Exactly the lines below starting at the line with "Детский распашной шкаф МФ 4 Сезона GK 900" and ending at the line with "三峡集团公司logo-网站首页用" are wanted, with both ends included. Leave out the pictures and add no other lines.

> **Records to use**
* * *
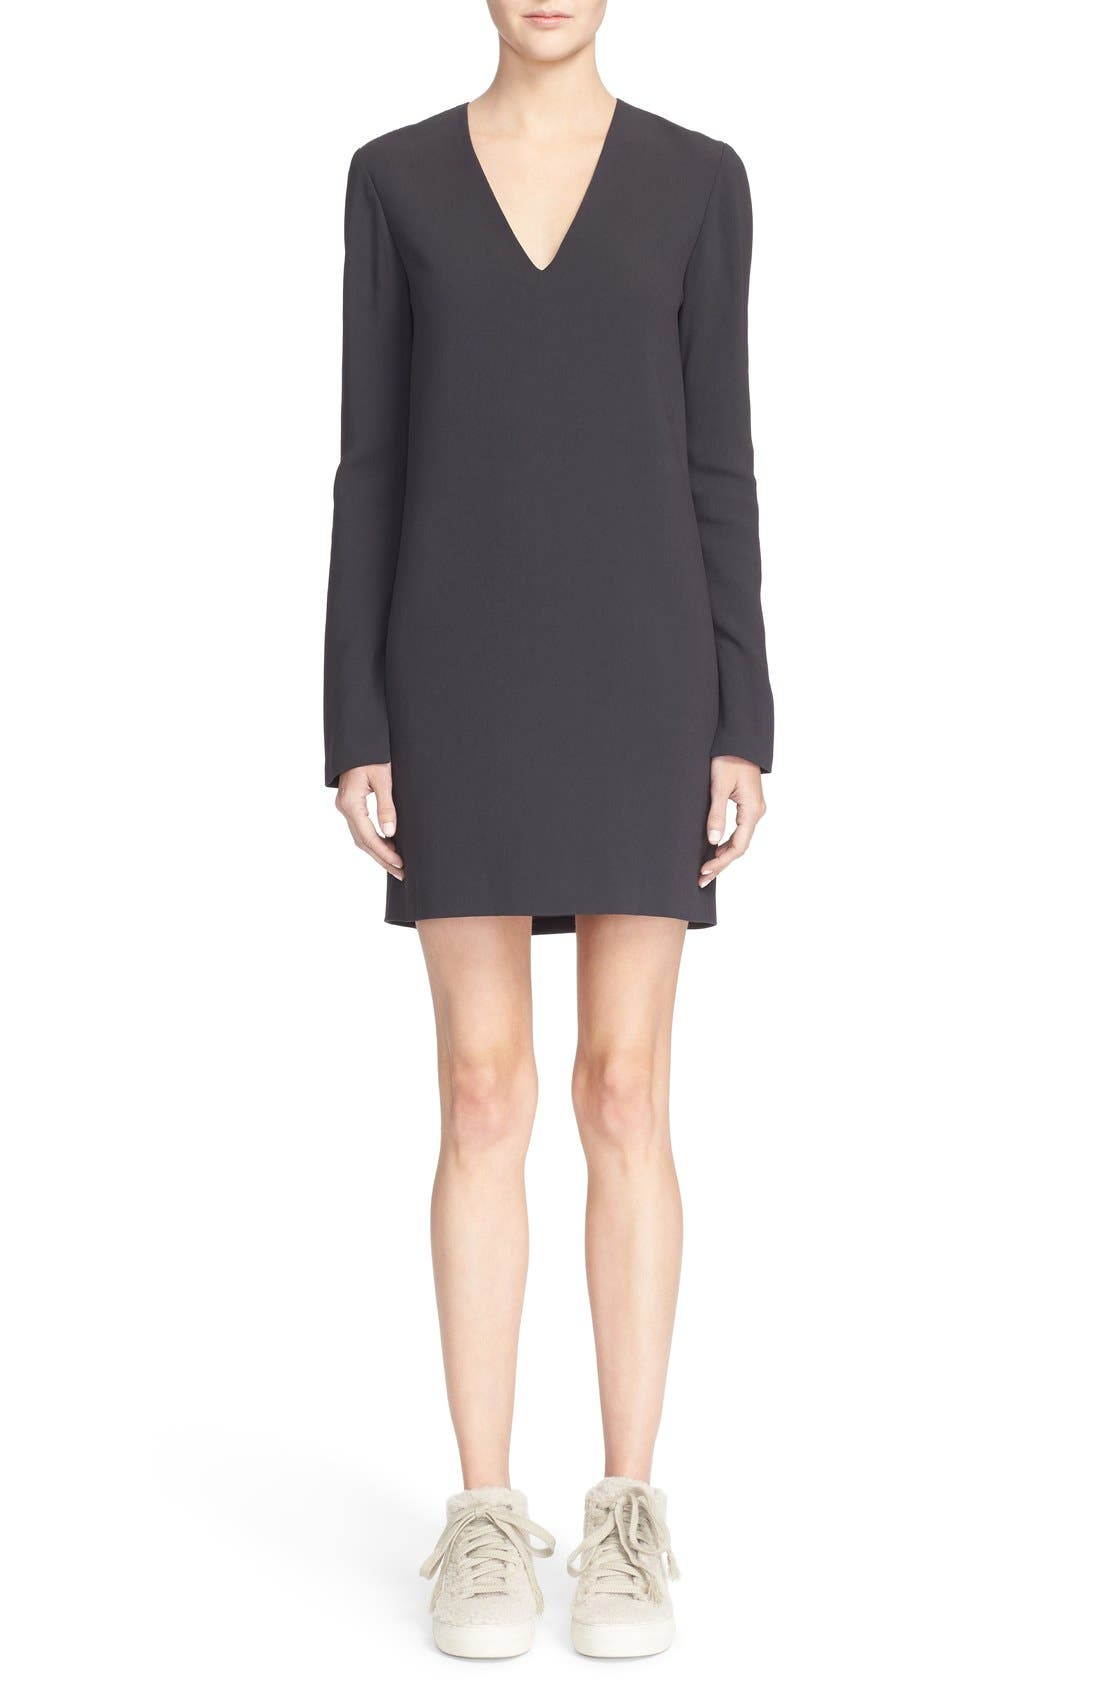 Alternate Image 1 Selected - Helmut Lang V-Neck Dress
* * *
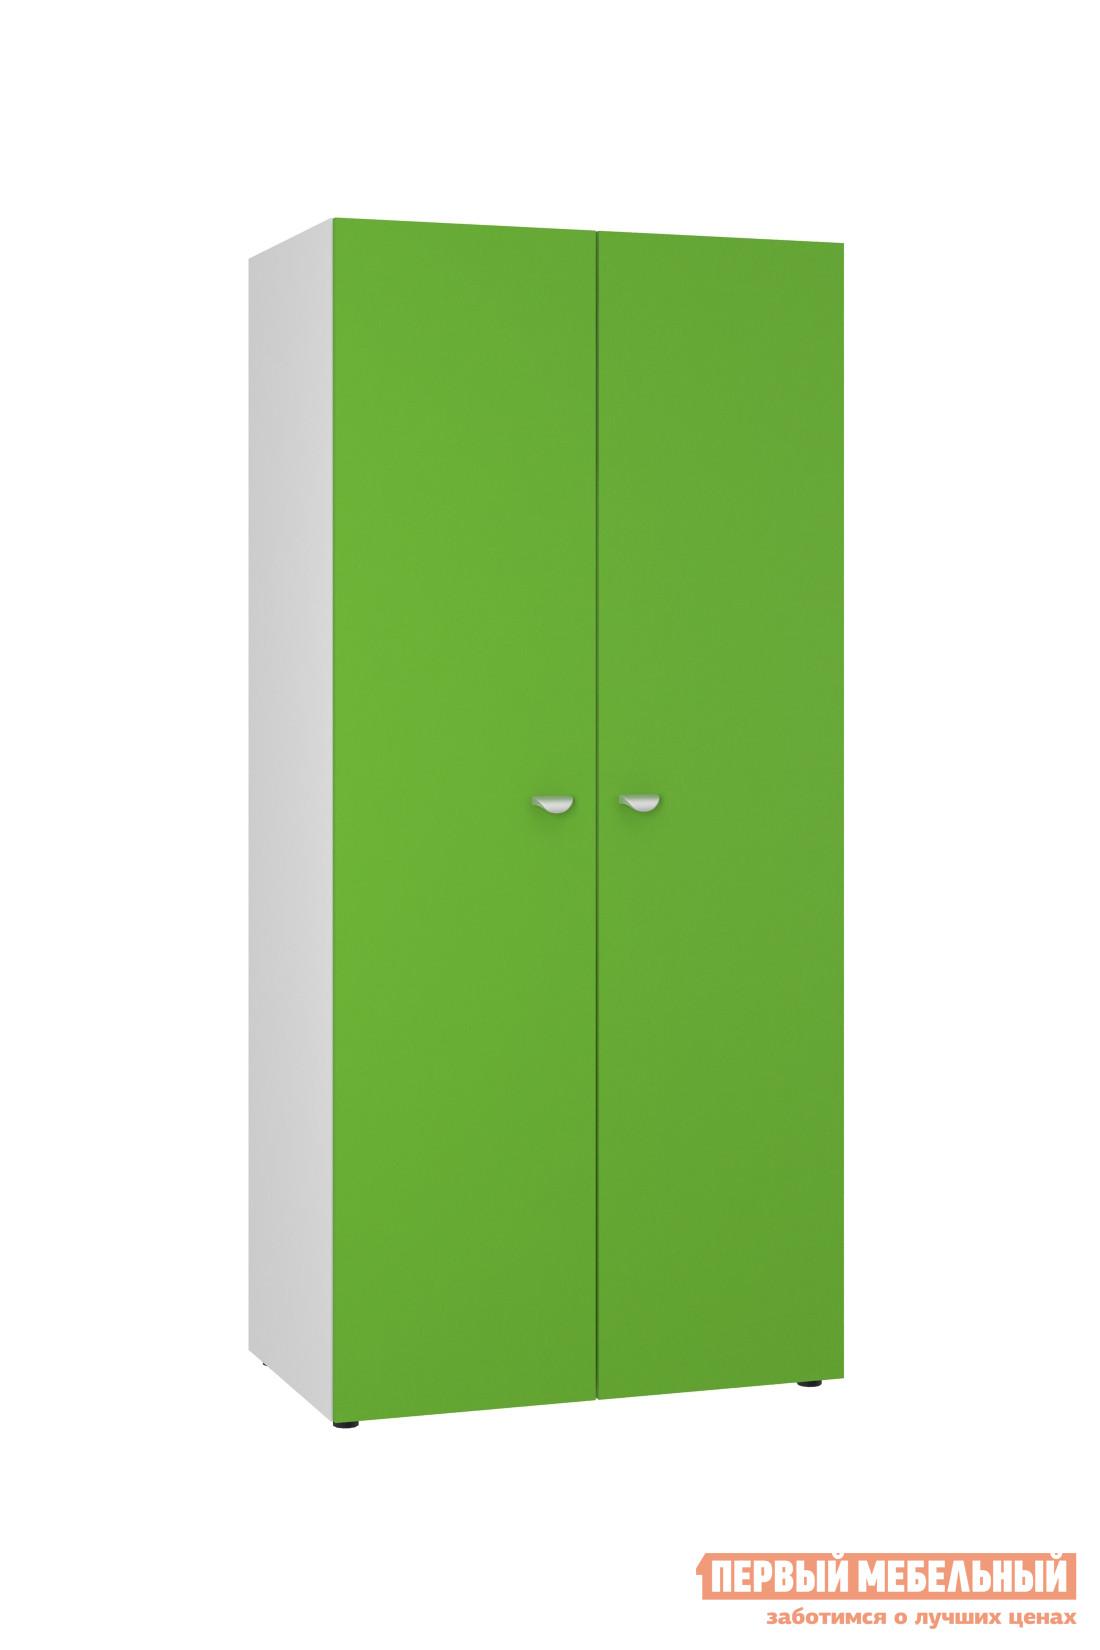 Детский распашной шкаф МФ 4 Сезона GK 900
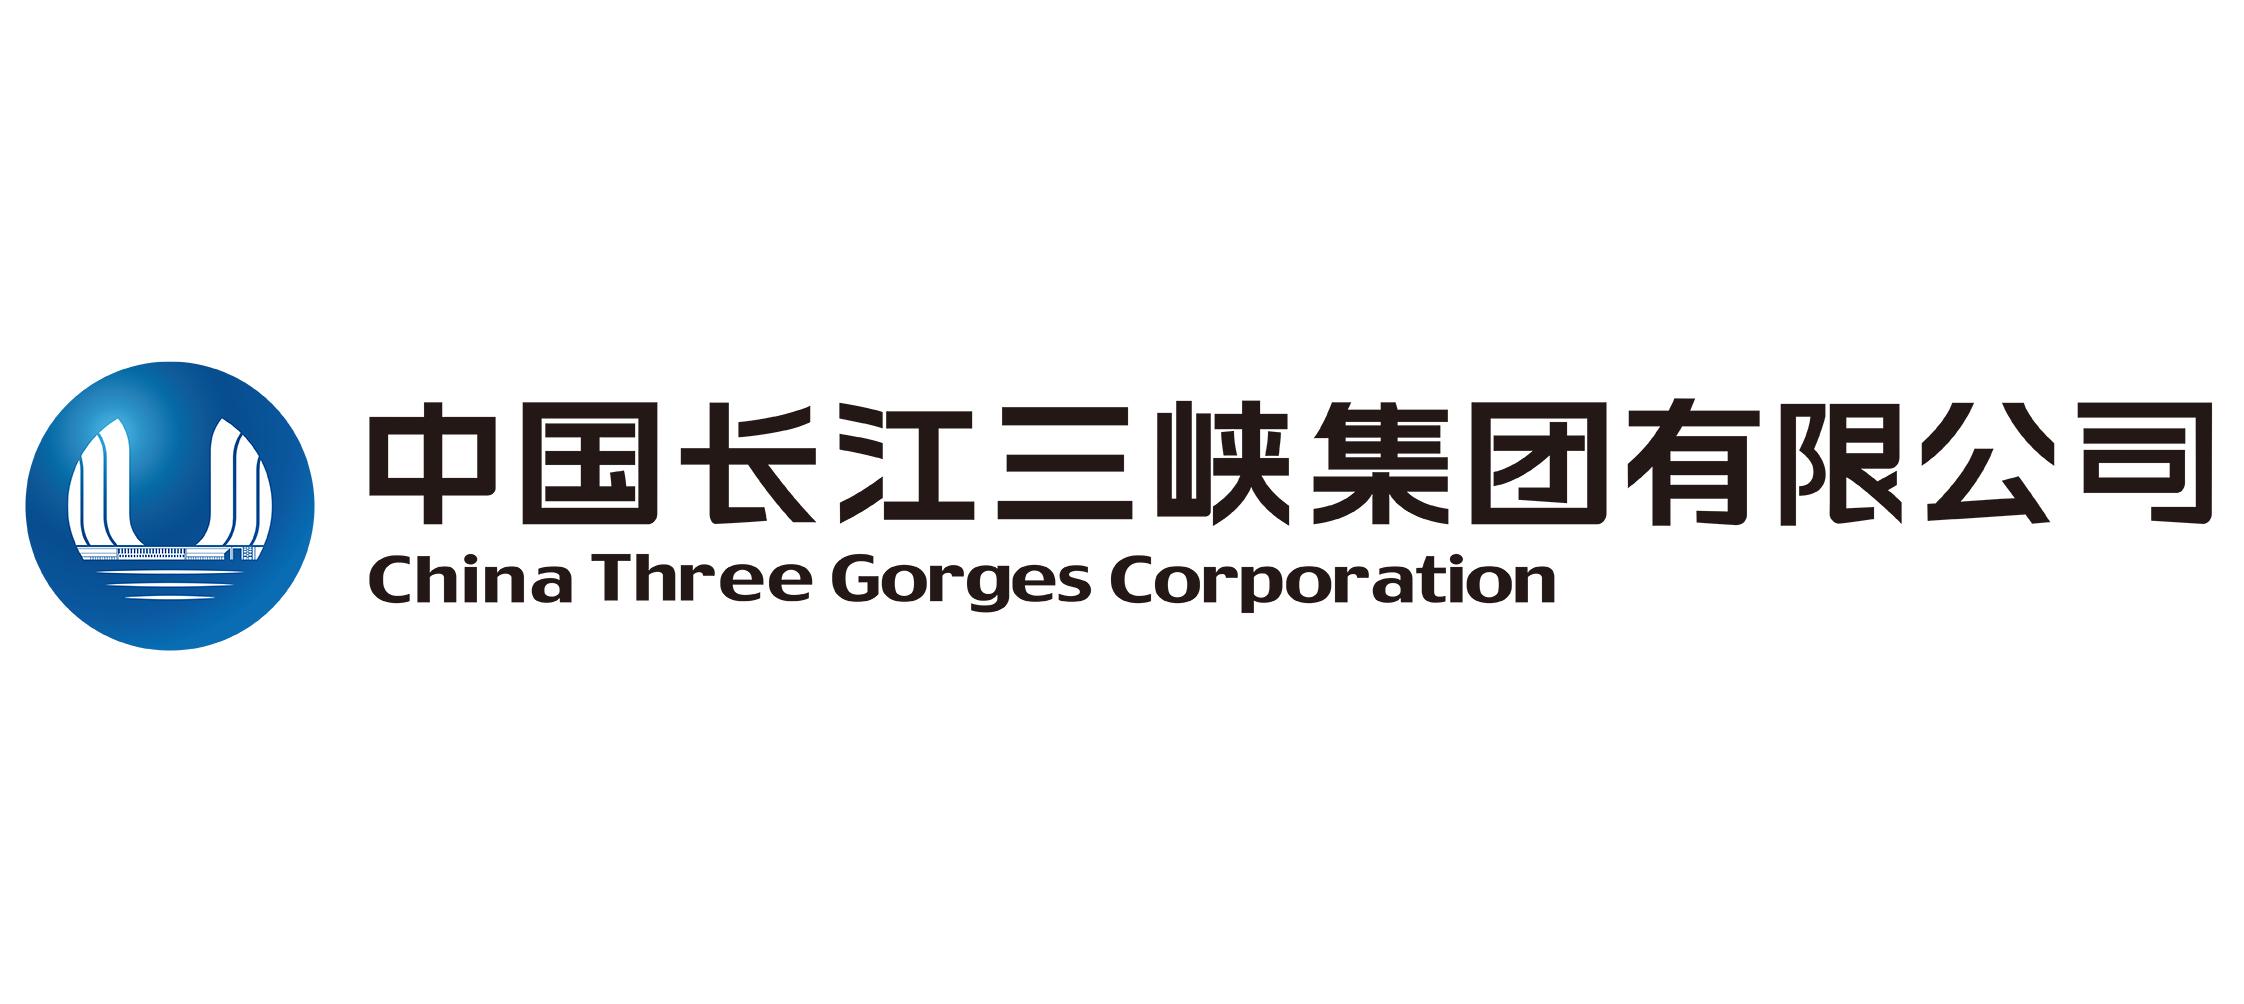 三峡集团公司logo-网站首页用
* * *
> **Response box**
 Детский распашной шкаф МФ 4 Сезона GK 900
 三峡集团公司logo-网站首页用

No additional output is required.